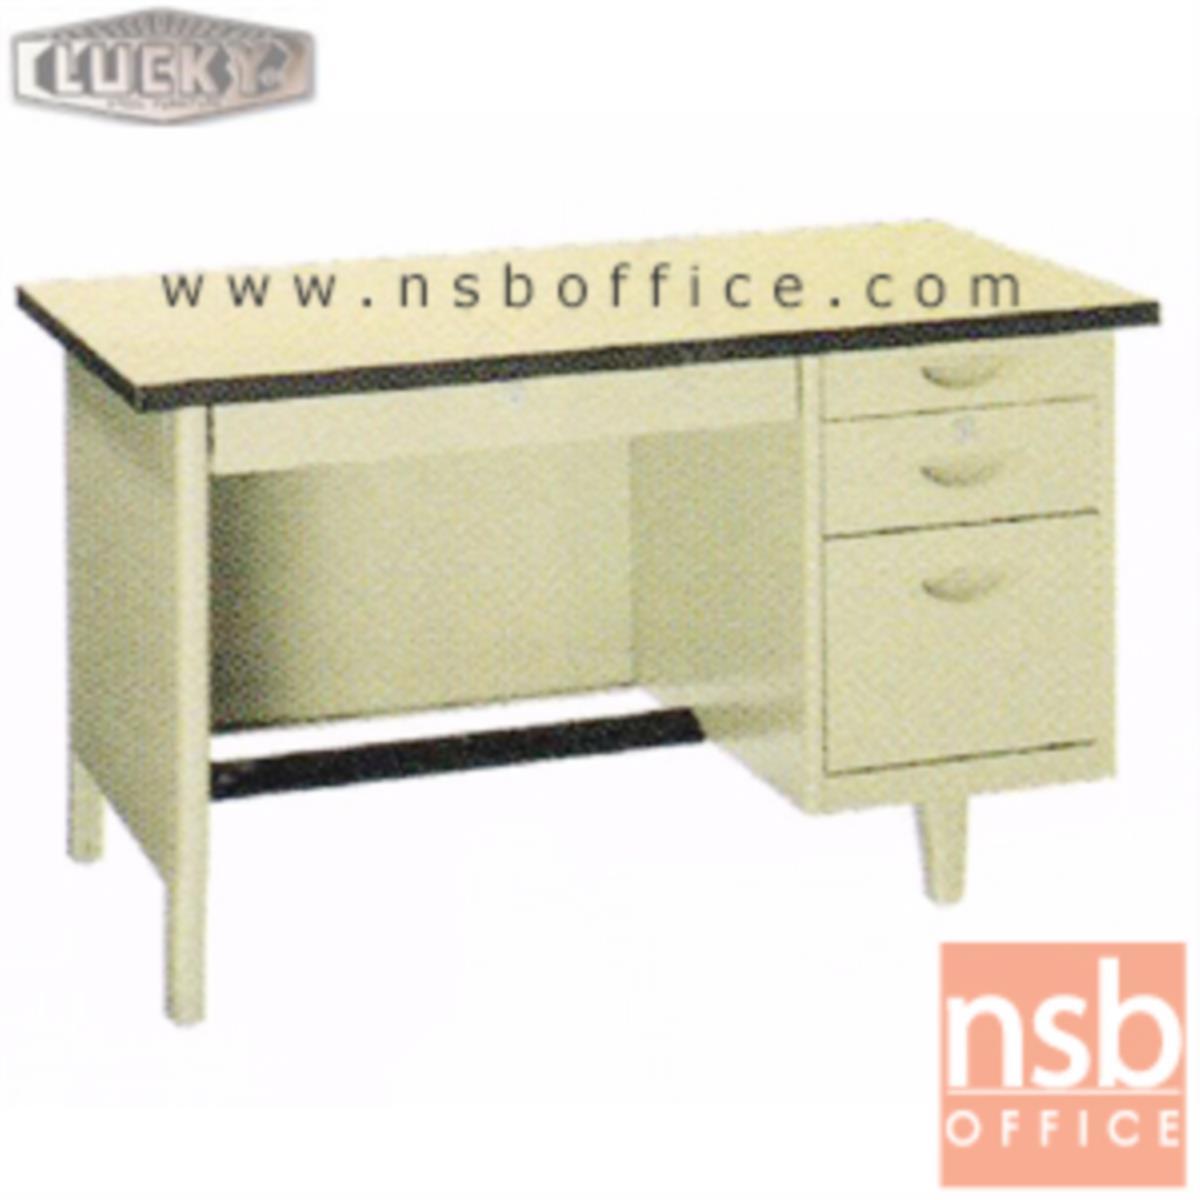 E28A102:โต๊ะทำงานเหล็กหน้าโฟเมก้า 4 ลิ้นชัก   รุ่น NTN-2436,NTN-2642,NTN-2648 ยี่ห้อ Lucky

==

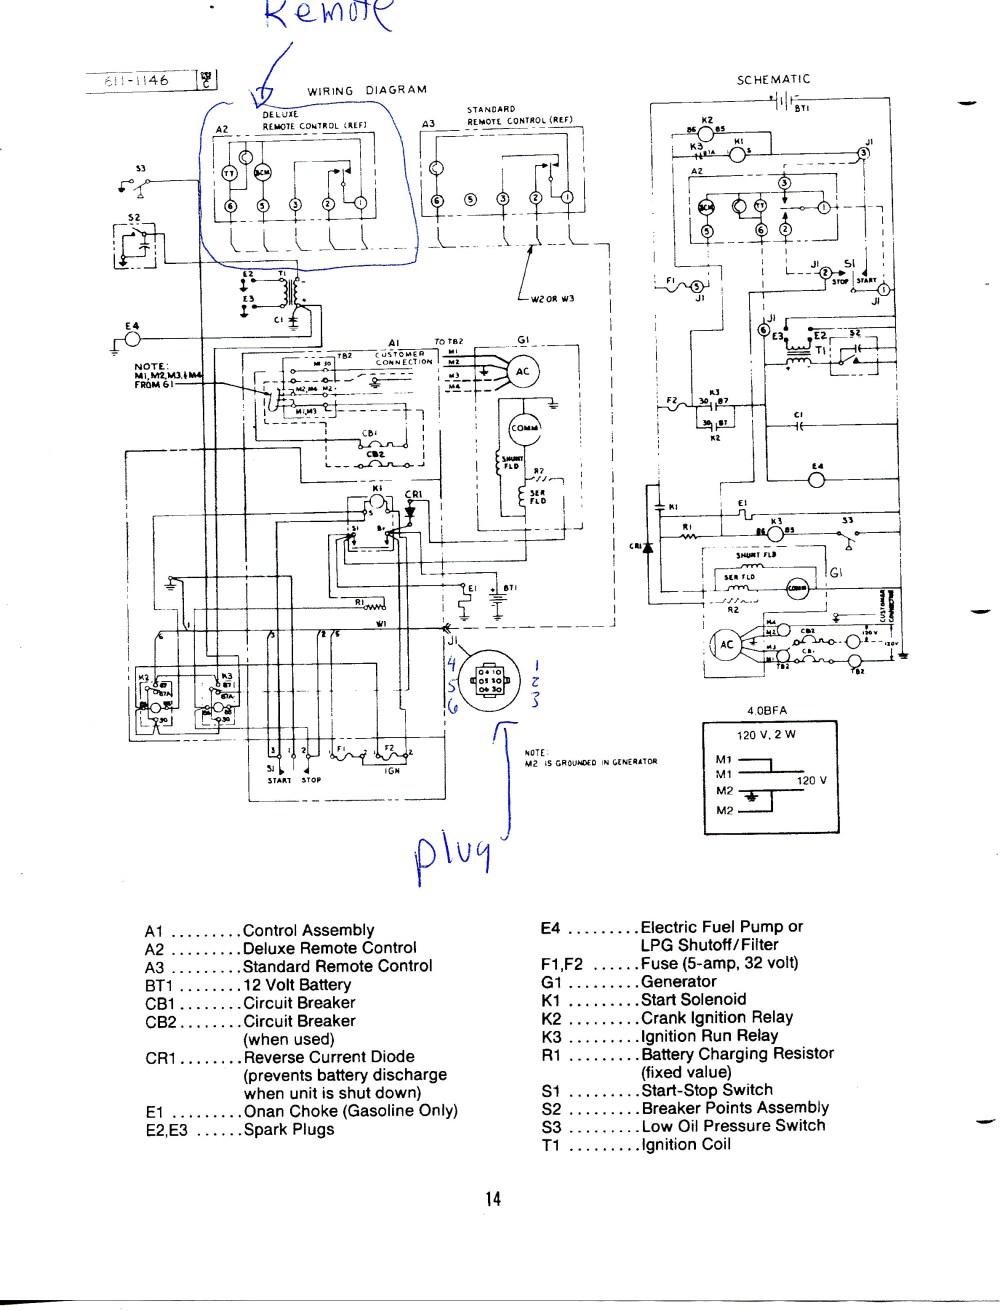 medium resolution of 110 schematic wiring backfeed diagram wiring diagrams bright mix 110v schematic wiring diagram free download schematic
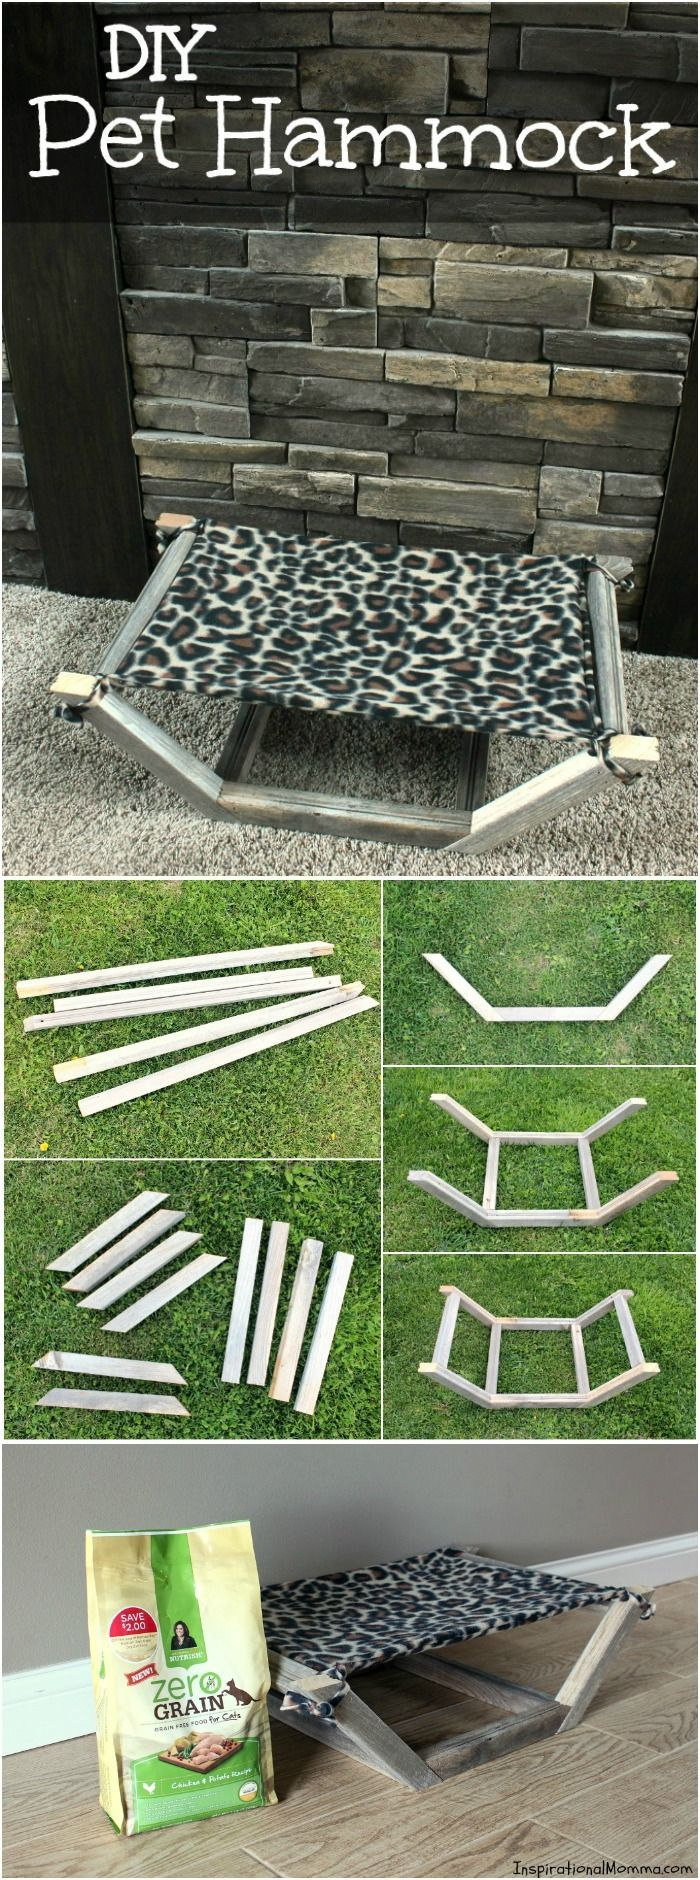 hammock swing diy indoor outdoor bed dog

[WHAT THE TASK REQUIRES] Retype, exactly and with no pictures, everything above from the line with "medium resolution of" down to the line with "hammock swing diy indoor outdoor bed dog", both included.

[SOLUTION FOR THIS PROBLEM]
 medium resolution of 110 schematic wiring backfeed diagram wiring diagrams bright mix 110v schematic wiring diagram free download schematic
 hammock swing diy indoor outdoor bed dog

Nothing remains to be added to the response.